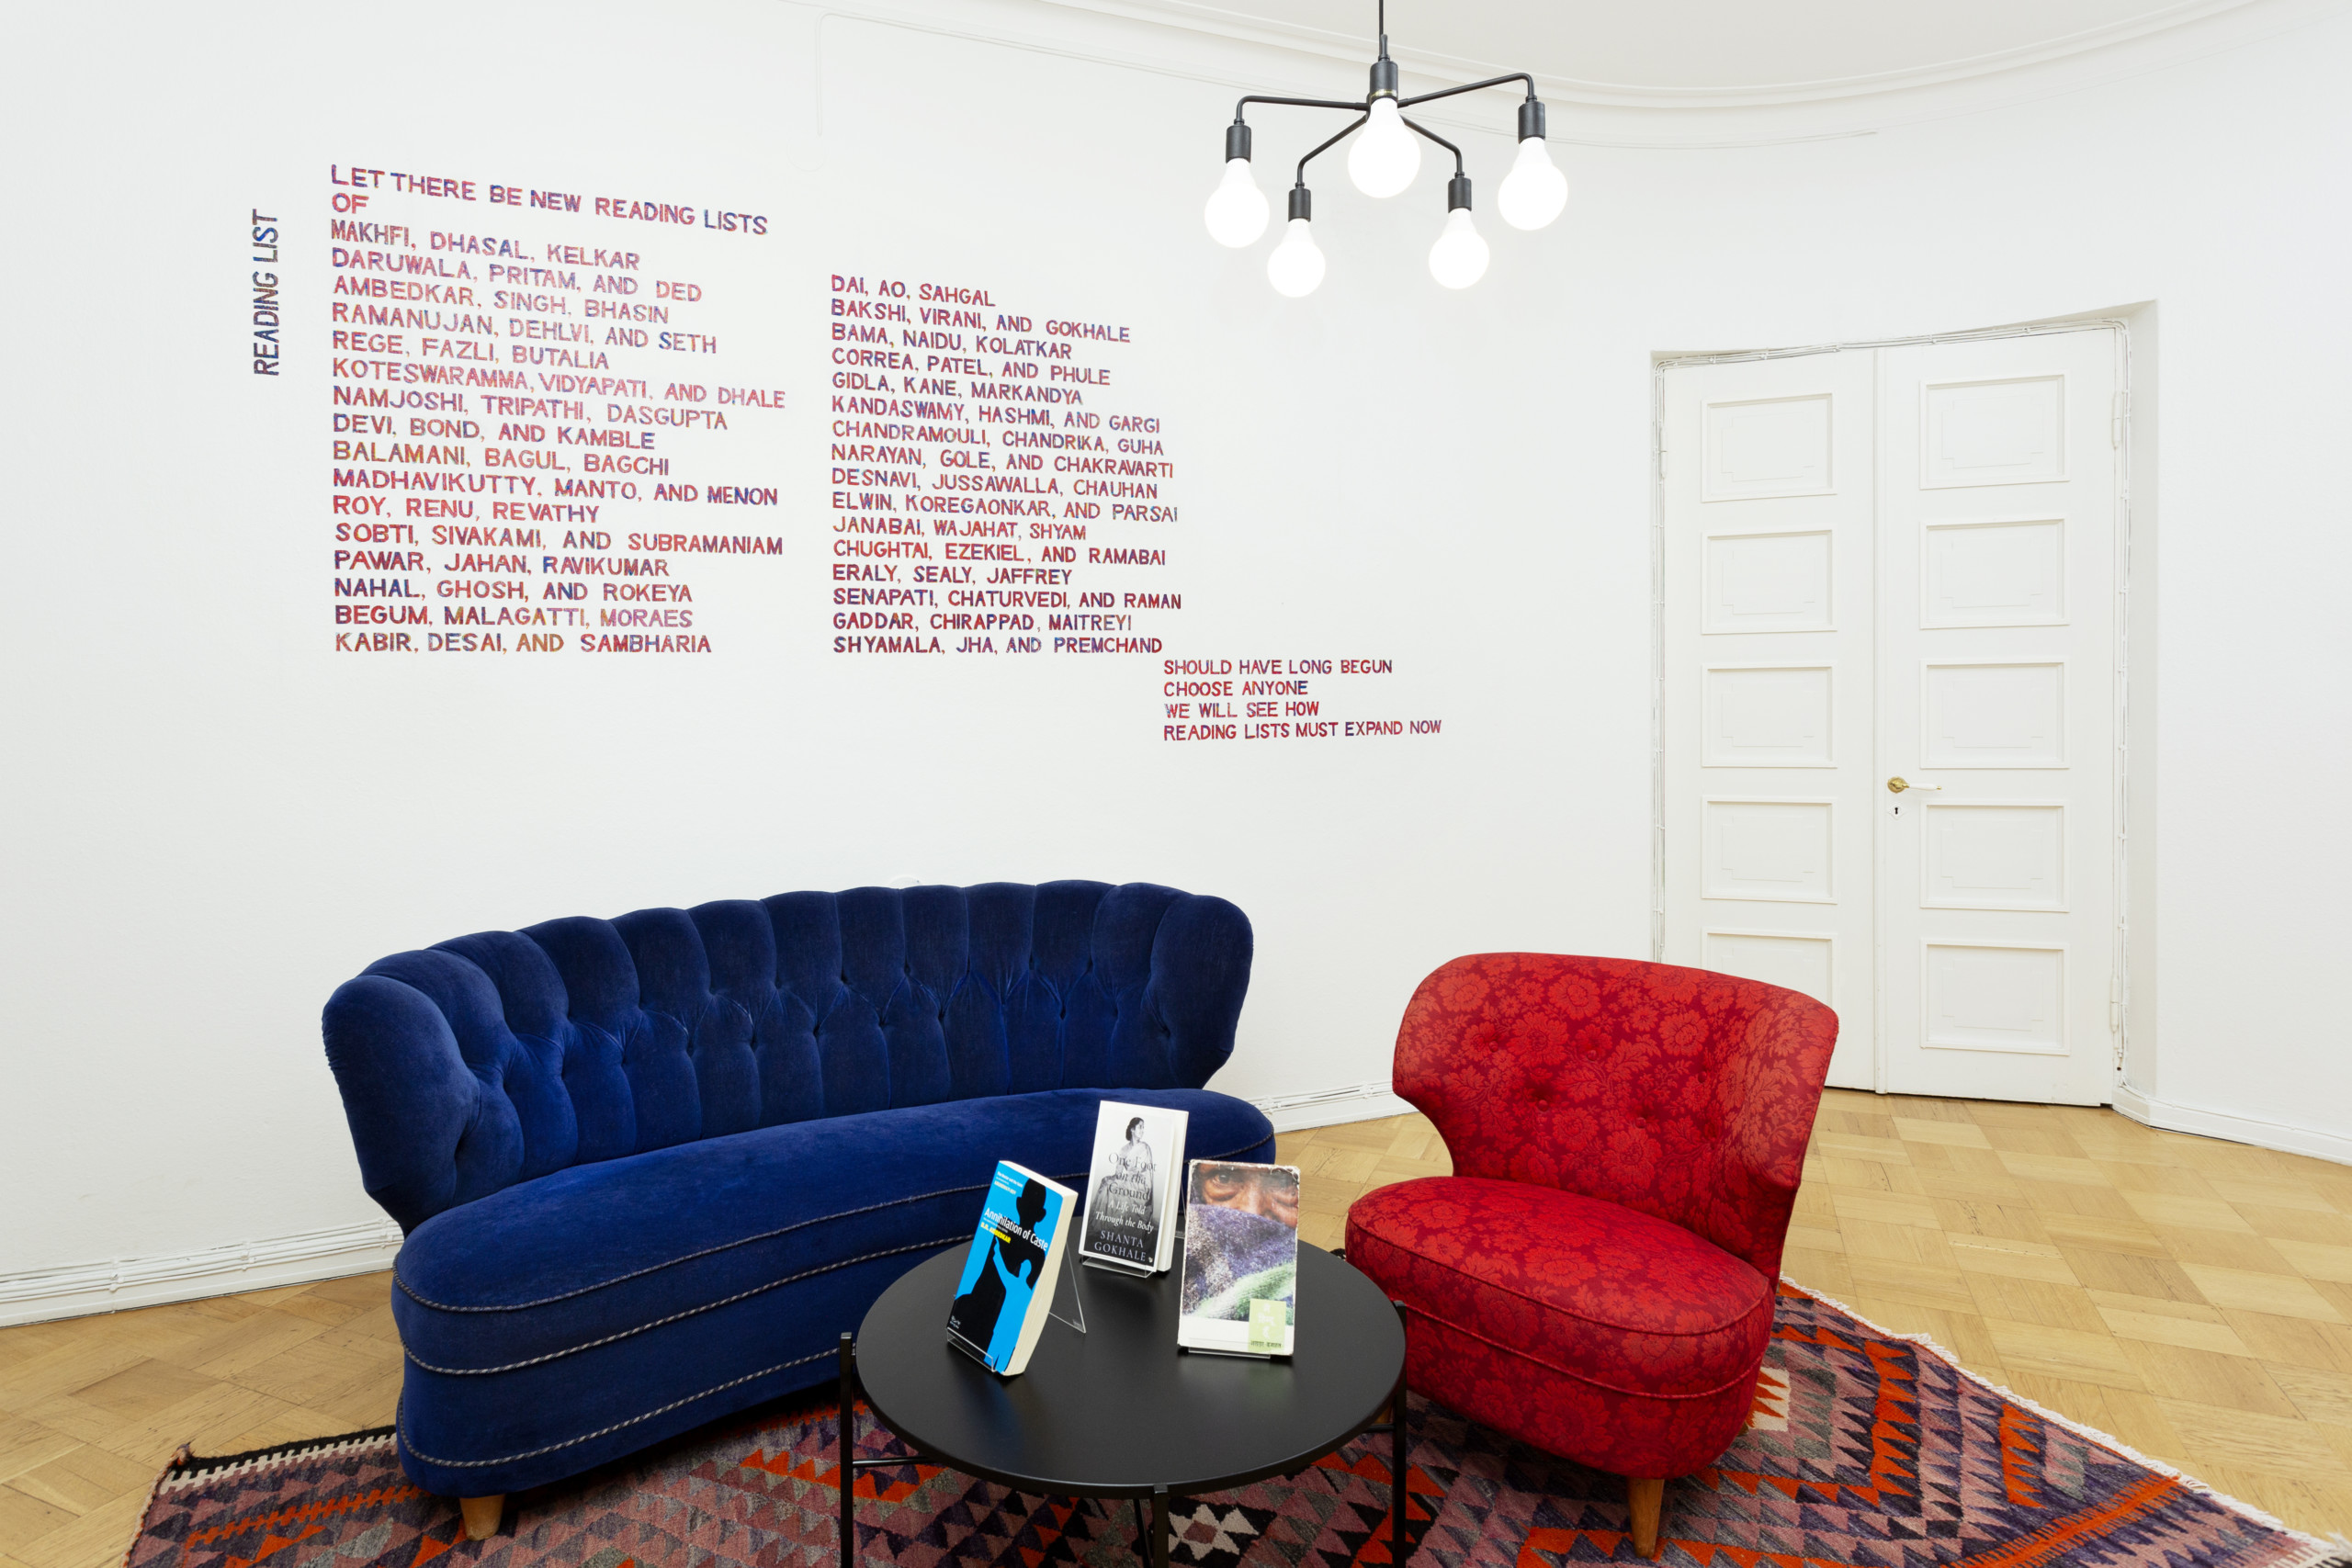 A sofa and an armchair in small room or foyer. Text on the wall.
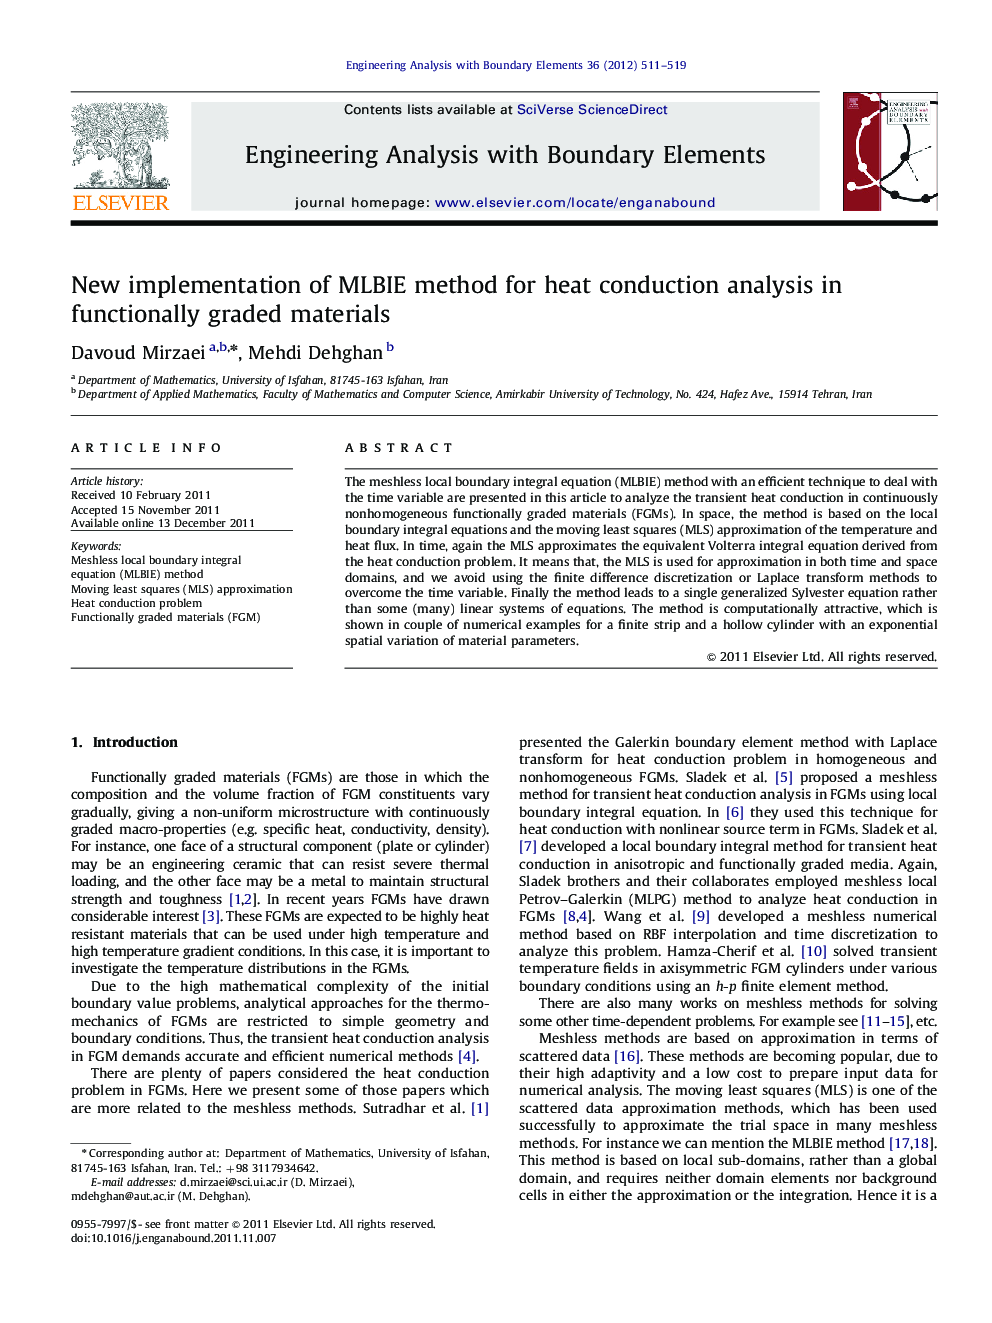 New implementation of MLBIE method for heat conduction analysis in functionally graded materials
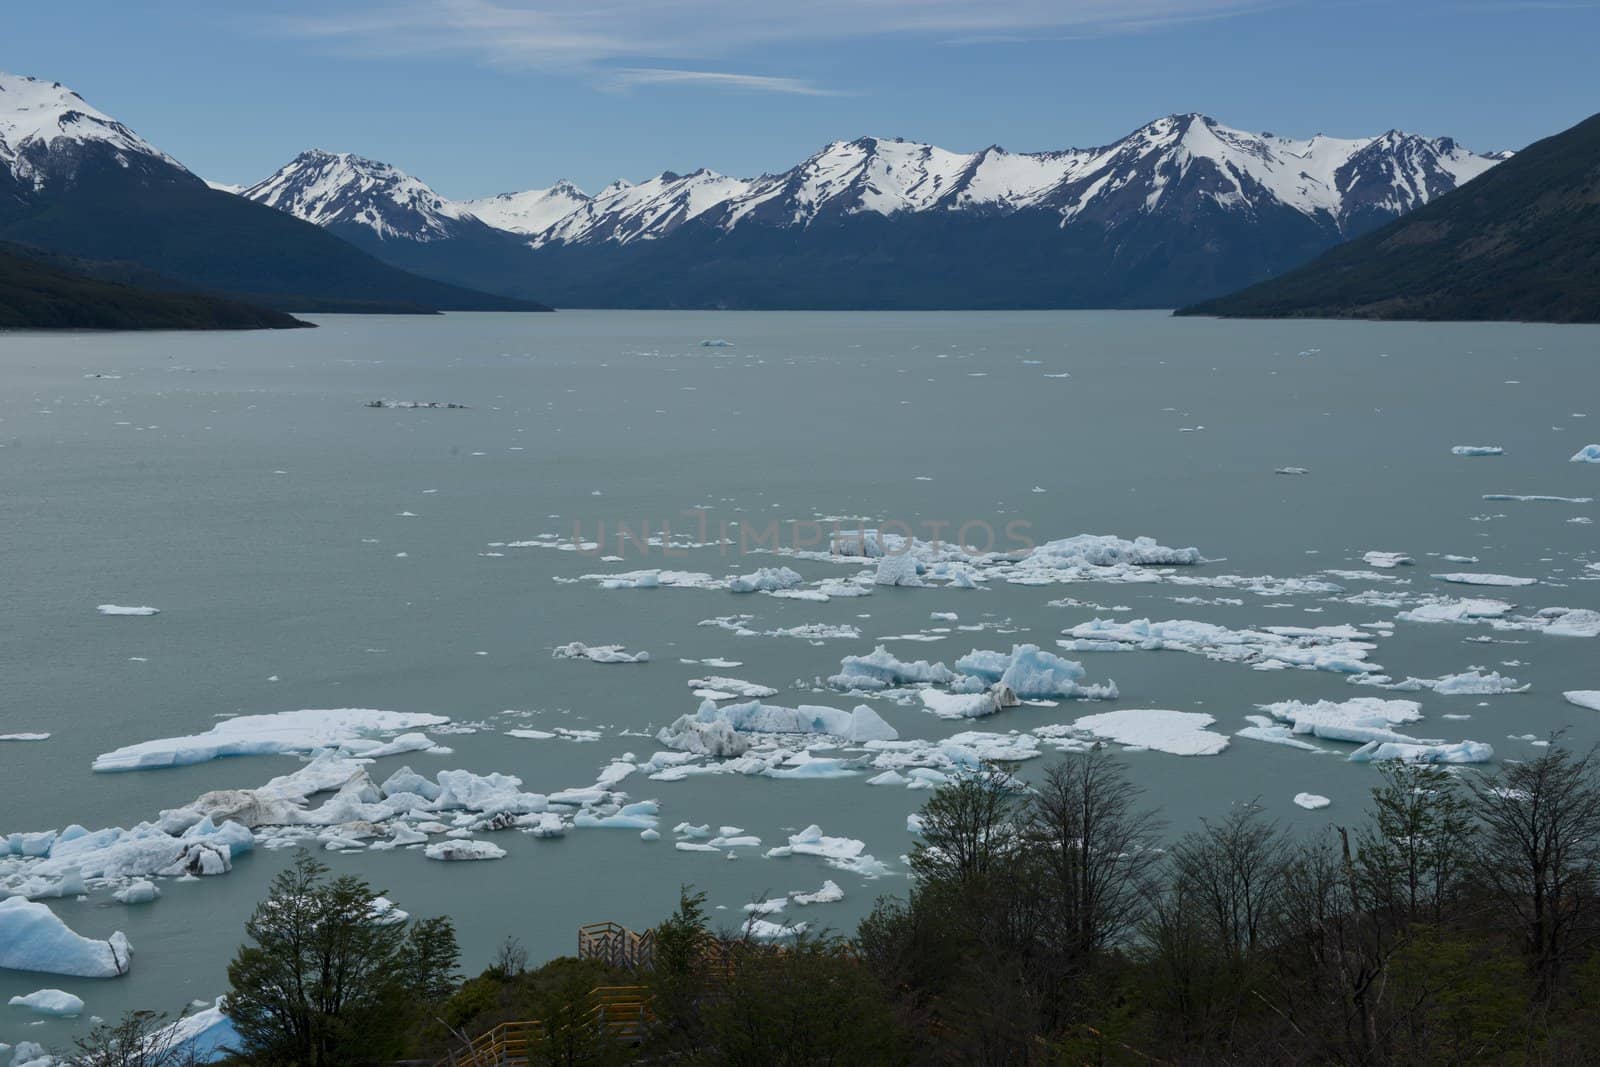 Spectacular blue icebergs floating on the Lake Argentino in the Los Glaciares National Park, Patagonia, Argentina.

Exercise aim:
What you should repeat exactly is the run of lines from the top of the listing above through the line with "New implementation of", without pictures.

Answer section:
 A sofa and an armchair in small room or foyer. Text on the wall.
 New implementation of MLBIE method for heat conduction analysis in functionally graded materials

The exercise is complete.